British Secret Service agent Colonel Daniel J. Blimp (Howard Vernon), a doughty and cranky figure with an impressively upswept moustache, comes to Bangkok to investigate a series of political assassinations that have been perpetrated by blind men. Once there, he has to team up with much a younger agent, Philip Sanders (José Llamas), and Trip to Bangkok turns into a buddy-cop movie, as the two proceed to harangue each other while taking on the henchmen of Professor Tao (Trino Treves), the vision-impaired leader of a cult that professes peace and love while possessing something of an alternative agenda.
Tao isn’t your conventional cat-stroking Blofeld type.

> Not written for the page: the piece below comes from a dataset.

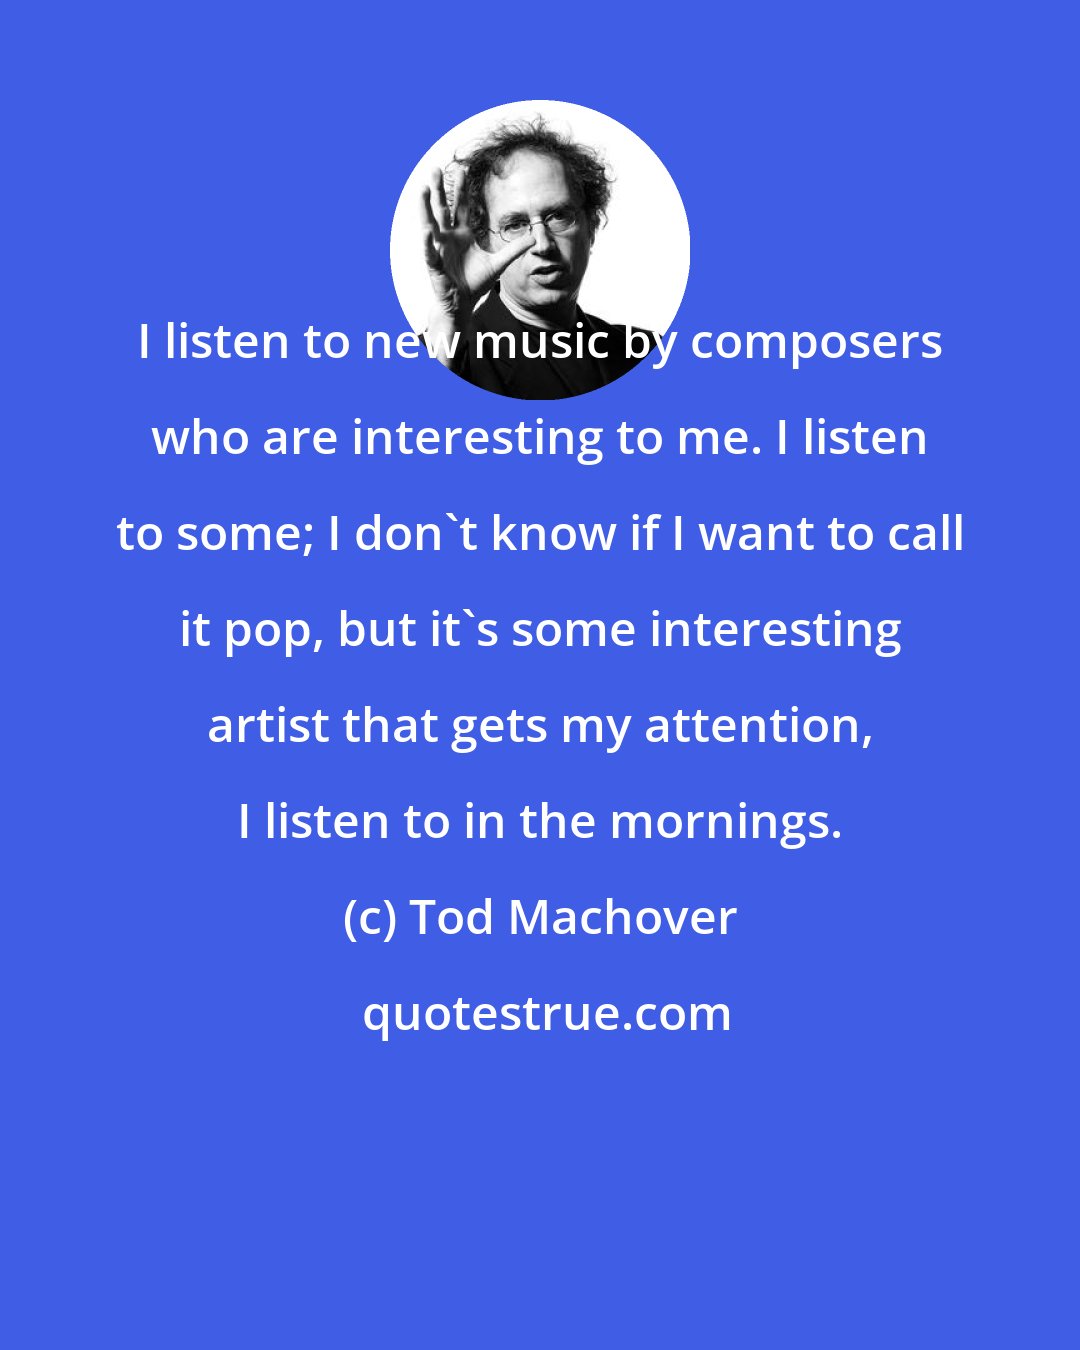 Tod Machover: I listen to new music by composers who are interesting to me. I listen to some; I don't know if I want to call it pop, but it's some interesting artist that gets my attention, I listen to in the mornings.

Most of the time, we catch sight of him pathetically supine on an altar, exhibiting his psychic skills, quite authentic as it turns out. Tao’s motivation proves to be actually philanthropic. Fearing a nuclear holocaust that he’s seen in a vision, he has set about eliminating the men he believes will be responsible for Armageddon. Interestingly, Trip to Bangkok never attempts to disprove or debunk his hypothesis. Indeed, he ends up escaping Blimp and Sanders’s clutches in the end.
An ancillary pleasure to be gleaned from Trip to Bangkok are the many referential in-jokes that Franco peppers throughout. Most significantly, Blimp’s name is a nod to The Life and Death of Colonel Blimp, the 1943 film by Michael Powell and Emeric Pressburger that Franco held in high esteem. A reference to Peter Welbeck pays homage to the pseudonym that producer Harry Alan Towers used when writing most of his collaborations with Franco, and it’s rather touching that the name prompts a nostalgic and elegiac response from Blimp. And Franco himself turns up in a cameo, playing a hotel receptionist, as was his wont.

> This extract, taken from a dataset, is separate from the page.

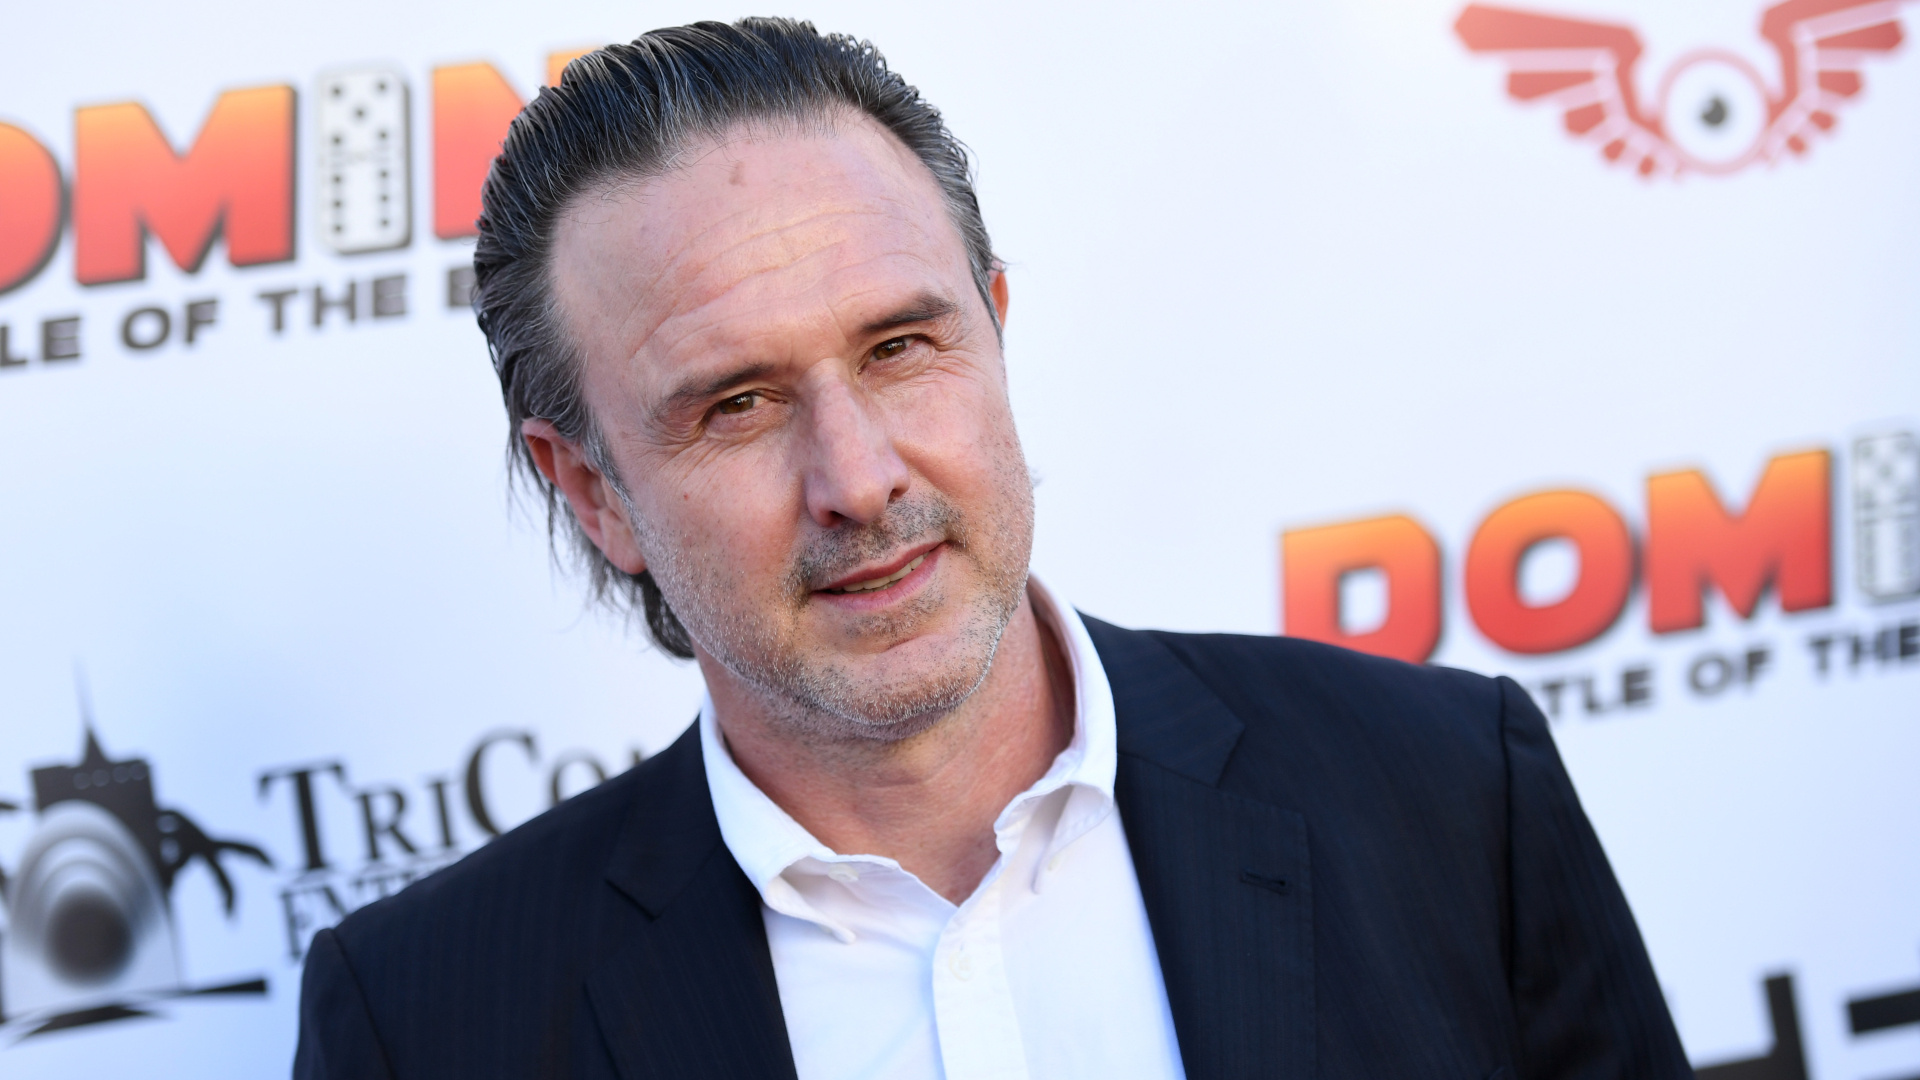 David Arquette, Son's reaction, Scream poster, What to Watch, 1920x1080 Full HD Desktop

Trip to Bangkok isn’t all fun and games. Along the way, Franco takes a few earnest potshots at the deleterious environmental effects of global tourism, including the way it fosters the “geography of nowhere,” as destinations lose their local flavor and come to generically resemble each other. Franco posits this development as a consequence of colonialism, a fact that also crops up when Blimp continually insists that he’s Irish and not British.
The next film, Bangkok, Date with Death, can best be seen as a parody of private eye franchises like the Lemmy Caution films starring Eddie Constantine. Here the requisite gumshoe is Panama Joe (Christian Borck), a man quick with his gun and even quicker with his wits. Going for a self-reflexive flourish, Franco’s script explicitly makes the point that Joe’s exploits have already appeared in other books and movies, a fact that forms part of his seduction technique.

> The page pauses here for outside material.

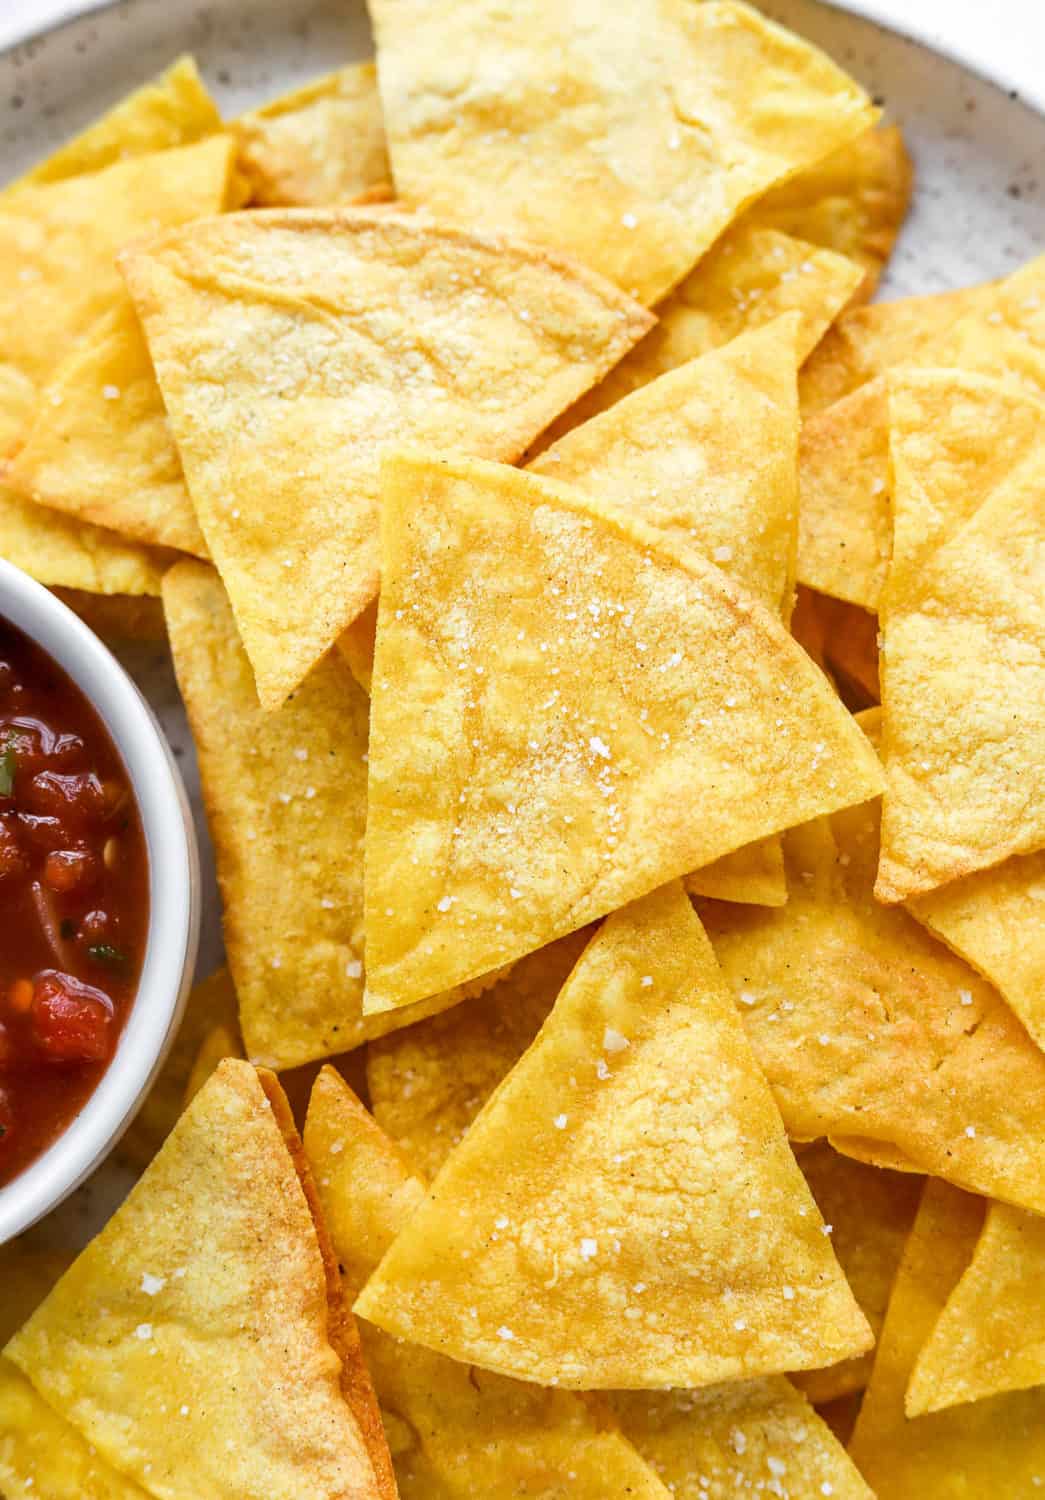 Pile of yellow corn chips with a dish of red salsa next to them.

Franco signals that the film operates in a parodic, pop art vein from the start by employing a series of speech bubbles, amusingly and hastily scrawled felt-tip marker on carboard, to identify the archetype (or is that stereotype?) of the primary characters. The byzantine plot, chockablock with the anticipated double- and triple-crosses, unfolds at a surprisingly leisurely pace, not helped by the excruciatingly long and badly staged opening maritime kidnapping of heiress Marta Flanagan (Helena Garret) orchestrated by Aminia (Lina Romay, Franco’s muse and life partner), a bandanaed pirate armed with a samurai sword.
Bangkok, Date with Death features some patented Franco trademarks, like frequent slow zooms and a penchant for filming on or through reflective surfaces like plate-glass windows and rippling lakes. Along the way, you’ll also encounter heartless torture by salon hairdryer, some unconvincing kung fu fighting (including a protracted beachfront battle royale), and Romay doing a swimsuit-clad shimmy in front of a massive Decap dance organ. Thematically, the film questions the legitimacy of authority, with Panama Joe entirely susceptible to bribery, and Marta’s millionaire father (Eduardo Fajardo) the real brains behind her kidnapping, all the better to fleece her even wealthier boyfriend (José Llamas).
Jess Franco: From Bangkok with Bullets is available on May 26 from Severin Films.